Clinically, there is a trend toward reducing the extent and duration of oxygen exposure while minimizing detrimental effects from insufficient oxygen saturations. However, for the immature lung to maintain oxygen saturations, some level of hyperoxia is needed. What is less clear is the differences in the responses of the immature airway to different levels of hyperoxia. Furthermore, what is not known is whether these effects are long-lasting and contribute to altered airway structure or function later in life. From an in vivo perspective, hyperoxia-exposed neonatal rodents have been widely employed to study the pathophysiology of neonatal lung injury. Initial studies focused on the effects of ∼95% oxygen and documented increased airway reactivity, accompanied by an increase in airway smooth muscle (ASM) layer thickness, both of which resolved several days after cessation of oxygen exposure (7). In contrast, neonatal guinea pigs exposed to 70% oxygen showed a persistent increase in airway response to cholinergic agonist after return to normoxia (17). Other studies have focused on the responses of airway function to more modest levels of hyperoxic exposure. In response to prolonged exposure to 50 or 60% oxygen in newborn rats, there was an increase in contractility of tracheal and bronchial rings, but this was only measured at completion of hyperoxic exposure (2, 3). However, the major clinical problem appears to be that increased airway reactivity is exhibited by former preterm infants long after cessation of hyperoxic exposure. What remains unclear is whether the same detrimental processes initiated by hyperoxia in the early postnatal period continue to exert effects even after withdrawal of hyperoxia, or whether new mechanisms come into play (potentially even triggered by early events).

The aim of this project was to determine the differential effect of two levels of neonatal hyperoxic exposure (severe, i.e., 70%, and modest, i.e., 40%) on airway function in mice beyond cessation of exposure to supplemental oxygen. We have previously documented that exposure to >95% oxygen upregulates epithelial arginase in neonatal rat pups, which would be expected to increase lung collagen content and potentially restrict airway constriction (1). Furthermore, we have shown that levels of supplemental oxygen >60% cause apoptosis in human fetal ASM cells in contrast to the ASM proliferation observed at lower levels of oxygen exposure (6).
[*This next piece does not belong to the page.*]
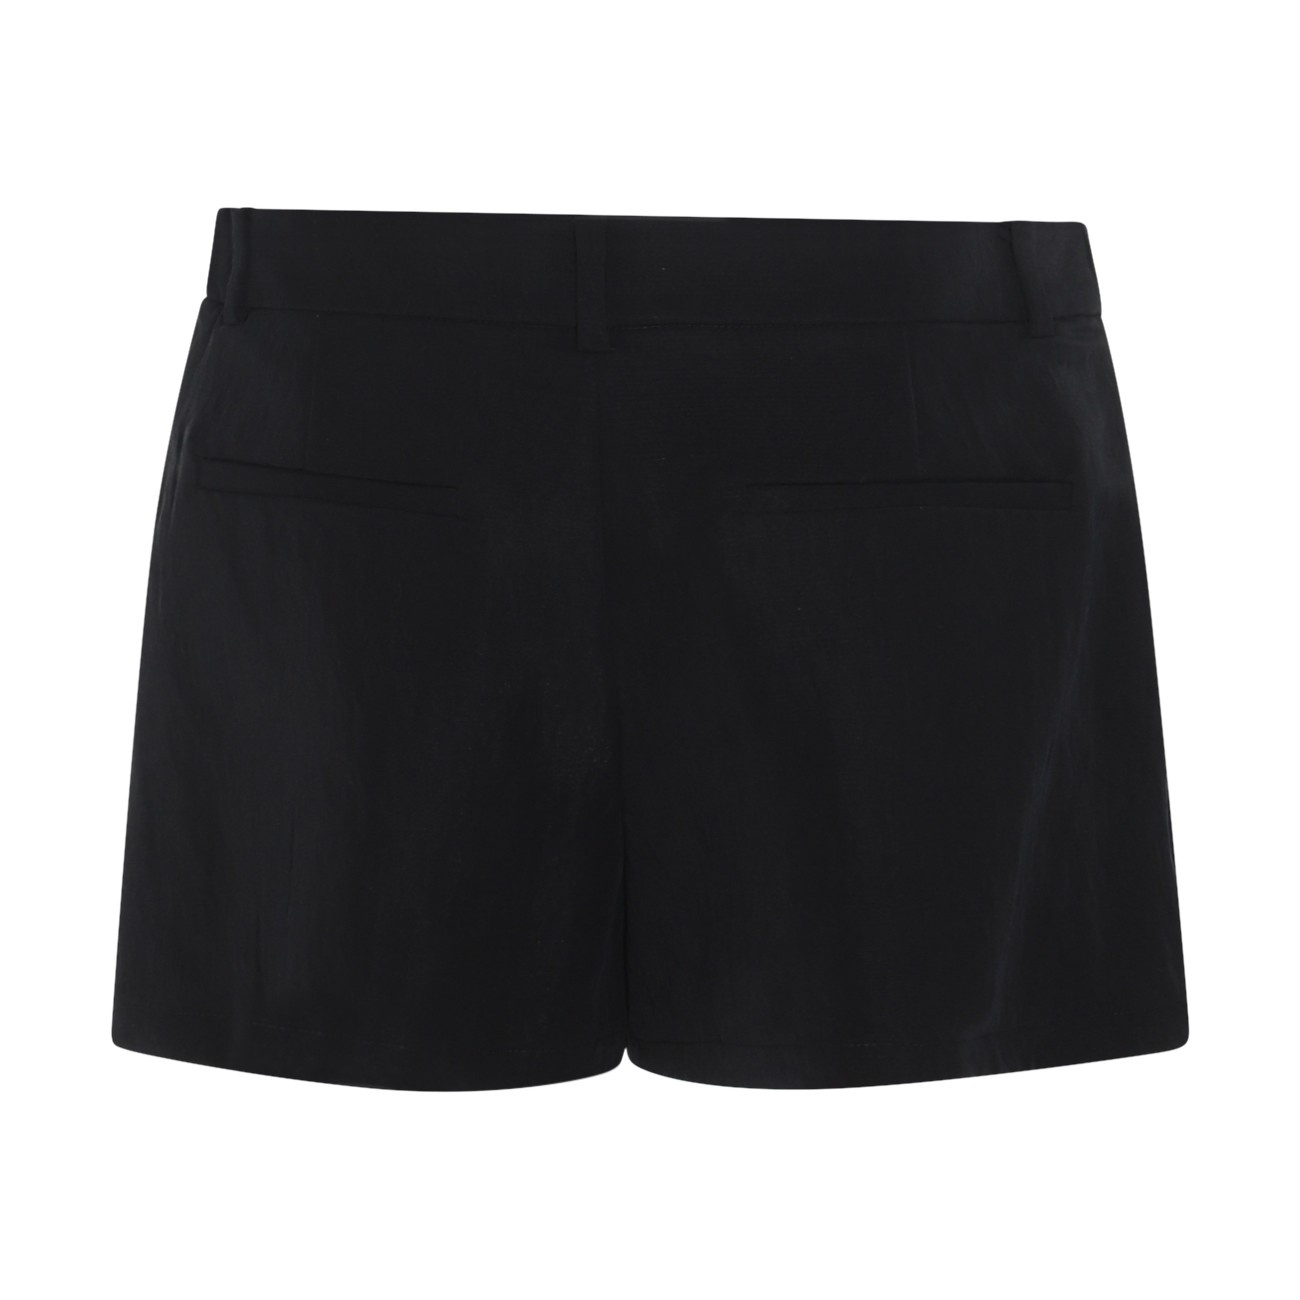 black shorts - 2

This is consistent with the inhibition of apoptosis observed in lung cells of neonatal rats exposed to 60% compared with 95% oxygen (23). We therefore sought to test the hypothesis that modest hyperoxic exposure would cause a greater increase in airway reactivity compared with severe hyperoxia and that this response would be sustained beyond completion of hyperoxic exposure. These parameters for oxygen exposure match well with the increasingly adopted clinical protocols of moderate hyperoxia of limited duration for preterm infants.

EXPERIMENTAL METHODS

Time-pregnant mice (C57Bl/6J) were purchased from a commercial vendor and were later observed to give birth in our animal facility. All terminal experiments were performed on 21-day-old mice. All procedures were carried out in accordance with the National Institute of Health (NIH) guidelines for care and use of laboratory animals and were approved by the Animal Care and Use Committee at Case Western Reserve University.

Hyperoxia exposures.

Following the day of birth (P0), the dam and her pups were raised in either normoxia (control; Ctrl), 40% oxygen, or 70% oxygen until 7 days of age; temperature and humidity were monitored and maintained constant during a 12:12-h light-dark cycle. Hyperoxia was achieved by placing the mother and pups inside a Plexiglas chamber (30 × 50 × 28 cm) connected to adjustable rotameters for mixing air and oxygen to the designated level of hyperoxia. Oxygen concentration was monitored (TED 60T, Teledyne Analytical Instruments) and adjusted if necessary to maintain appropriate levels. Airflow through the chambers was maintained at ∼3 l/min. Carbon dioxide (CO2) levels in the airflow exiting the chambers were measured to ensure flow was adequate to prevent CO2 accumulation. Sustained hyperoxia exposure lasted 24 h/day for 7 consecutive days. Dams were cycled between litters exposed to room air and hyperoxia every 24 h to minimize acute oxygen toxicity and to ensure that the normoxic and hyperoxic dams received the same exposure. At the end of the seventh day of exposure, the pups were removed from the chamber and then raised for a further 14 days in normoxia. Cages, water, and food were replaced every 3 days. Normoxic mice received room air for the same time period.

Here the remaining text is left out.